Figure 1Semi-log plot showing the results of two 108 samplings (yellow and blue bars) for better XAA sets of a given set size (shown on the x-axis) from the XAA library. The number of better XAA sets decreases approximately logarithmically with the exception of sets of size 13 to 18.
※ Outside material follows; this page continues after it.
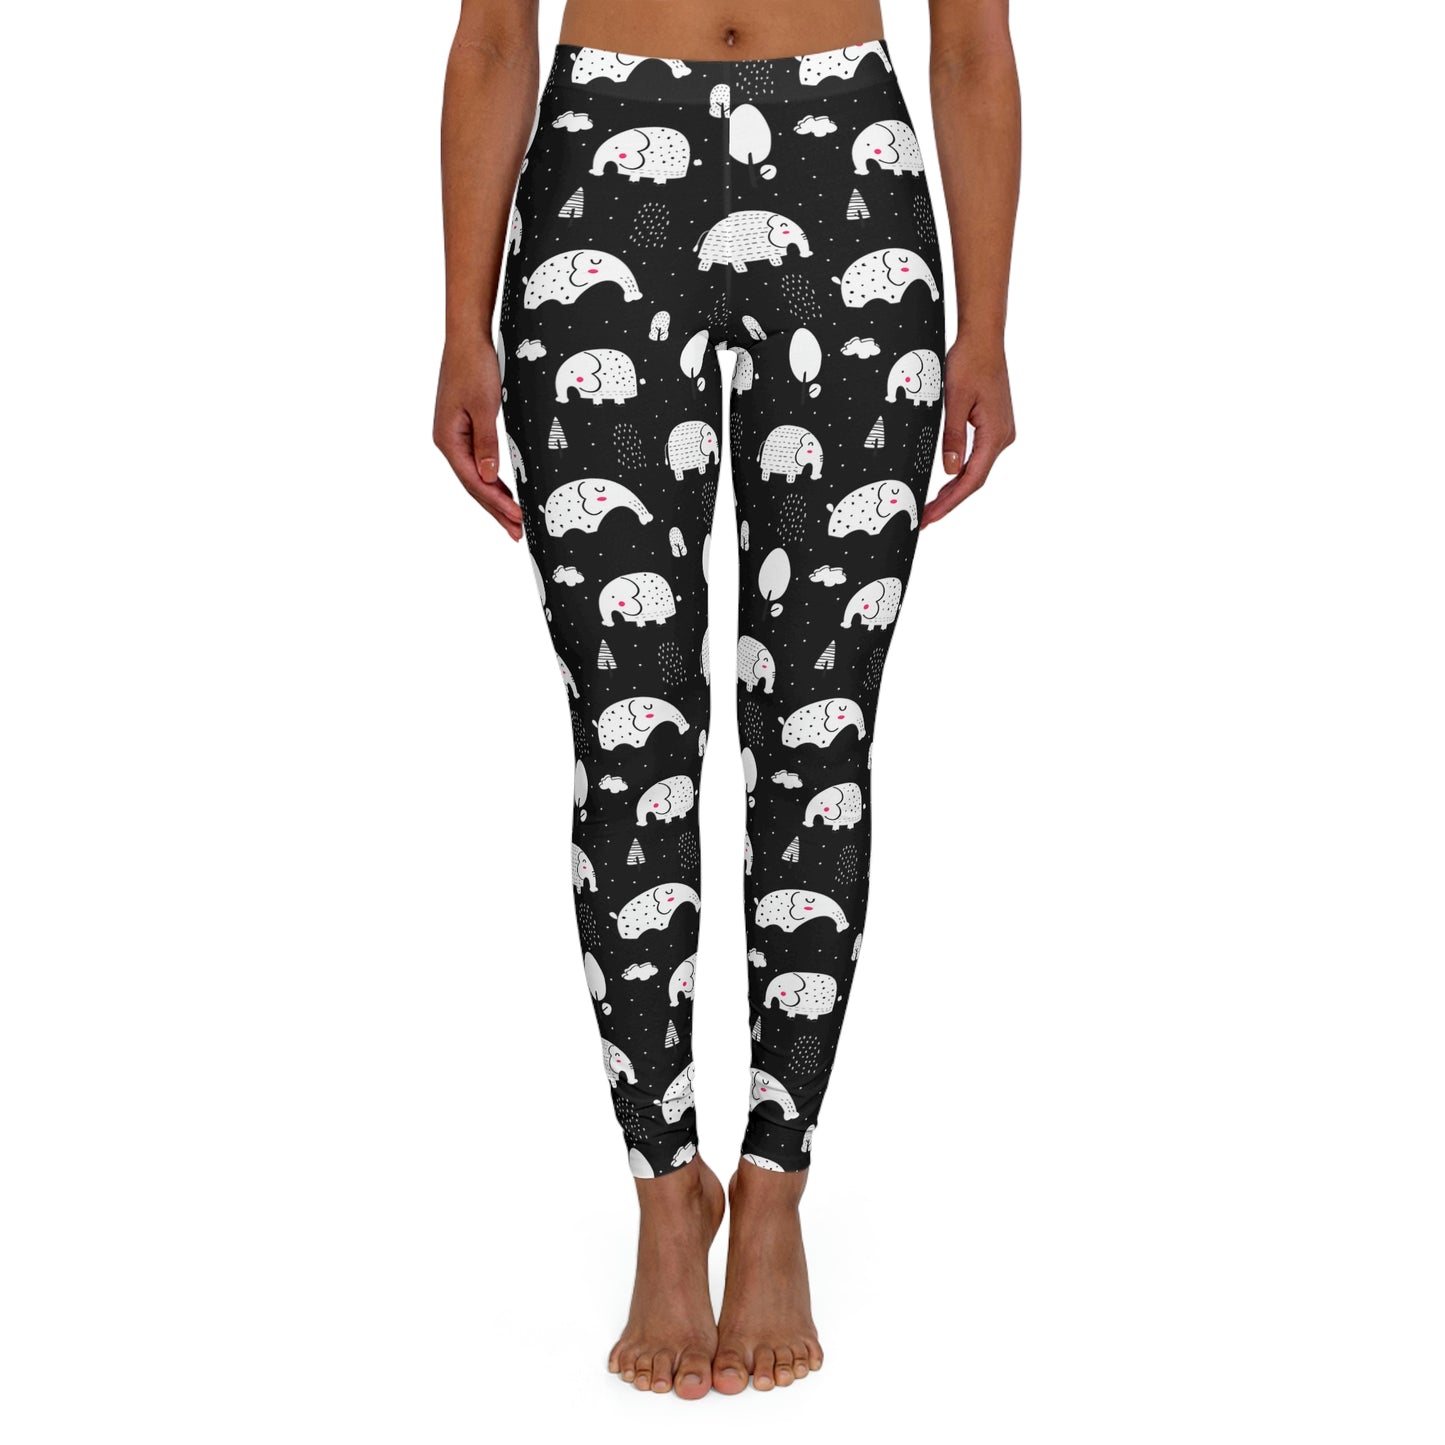 Black and White  Women's Elephant Spandex Leggings, Peach Fit Leggings, Acrobatics pants , Yoga spandex

Figure 2Box plots showing the relative frequency of (A) CAAs and (B) XAAs in better sets. Boxes extend from the lower to upper quartile values of the data, with a line at the median, and whiskers extending to contain 95% of the data. Zoomed insets help to show that the comparison of (A,B) reveals that the median values for maximal CAA sets are always higher than those of the corresponding XAA set sizes. In (A) all top outlier data points represent Met in set sizes 16–19. The connected data points in Figure B highlight the anomalously high frequency of the CAAs, Ala, Cys and Pro, in better XAA sets of larger set size.
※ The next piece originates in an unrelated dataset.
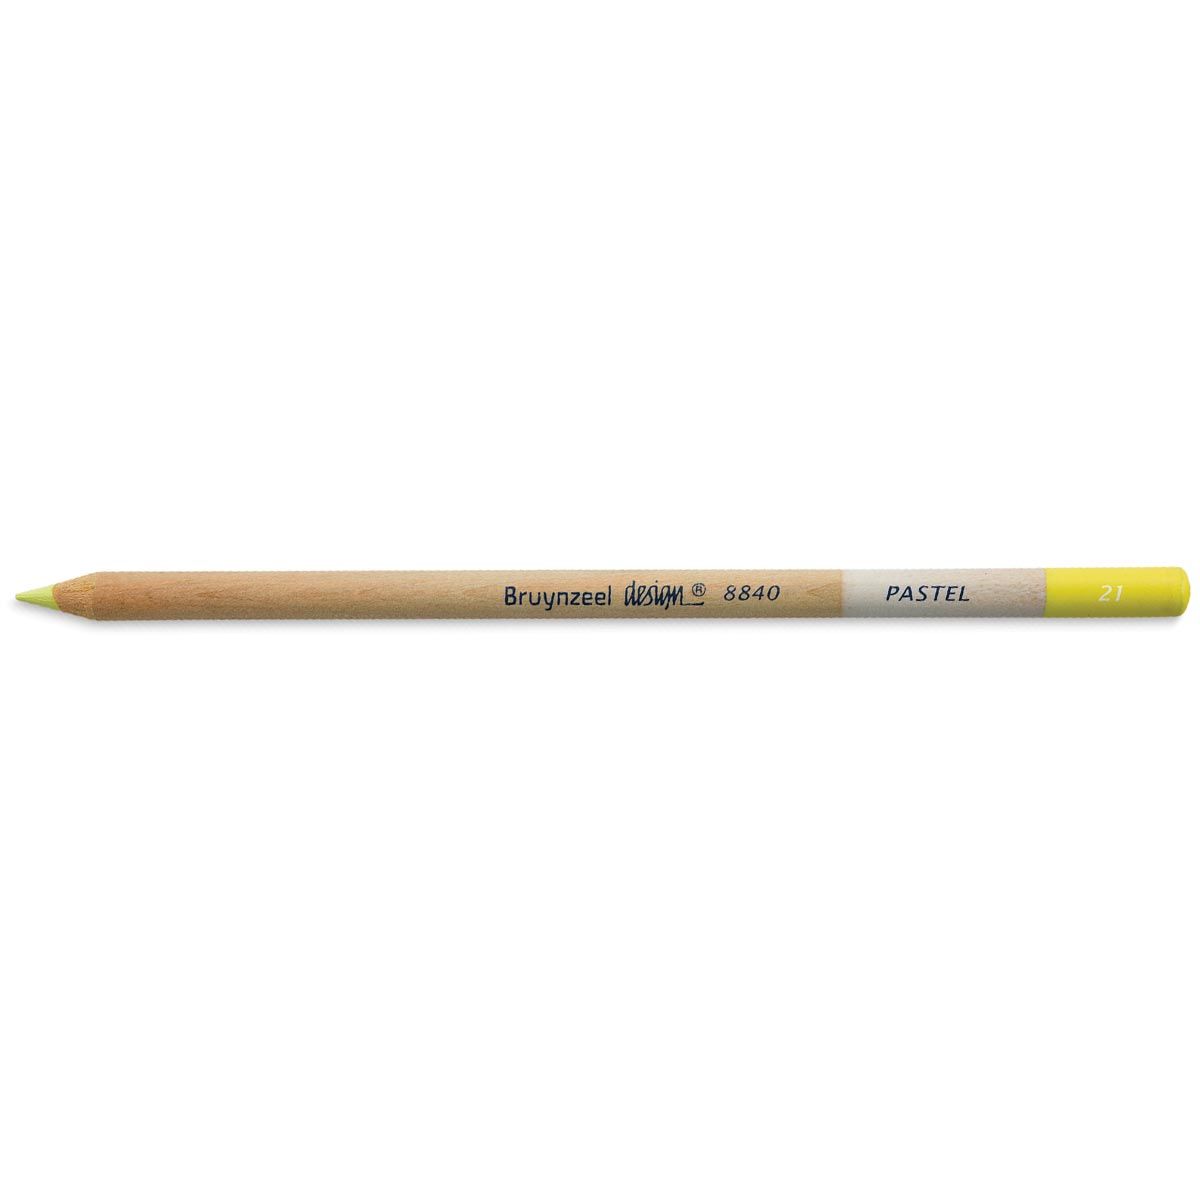 Bruynzeel Design Pastel Pencil - Light Lemon Yellow 21

Figure 3Relative frequency at which the individual CAAs are found in maximal CAA and better XAA sets. (A) shows the raw relative frequency of occurrence of the CAAs in maximal sets. (B) shows the Z-value for the frequency distribution shown in (A). In (C), green corresponds to a particular CAA occurring at high frequency relative to the other CAAs in sets, while red corresponds with low frequency. In (D), the absolute difference between the relative frequencies (Z-values) shown in (B) and (C) highlight areas where the relative frequencies of a particular amino acid vary between maximal and better sets, possibly highlighting CAAs having different importance depending on the context in which they are compared. Dark blue indicates a large difference between the frequency of a particular CAA in maximal CAA vs. better XAA (e.g., those selected from the total XAA pool) sets. The direction of the bias can be determined by referring to panels B and C. Rounded raw values are shown for reference in each data cell.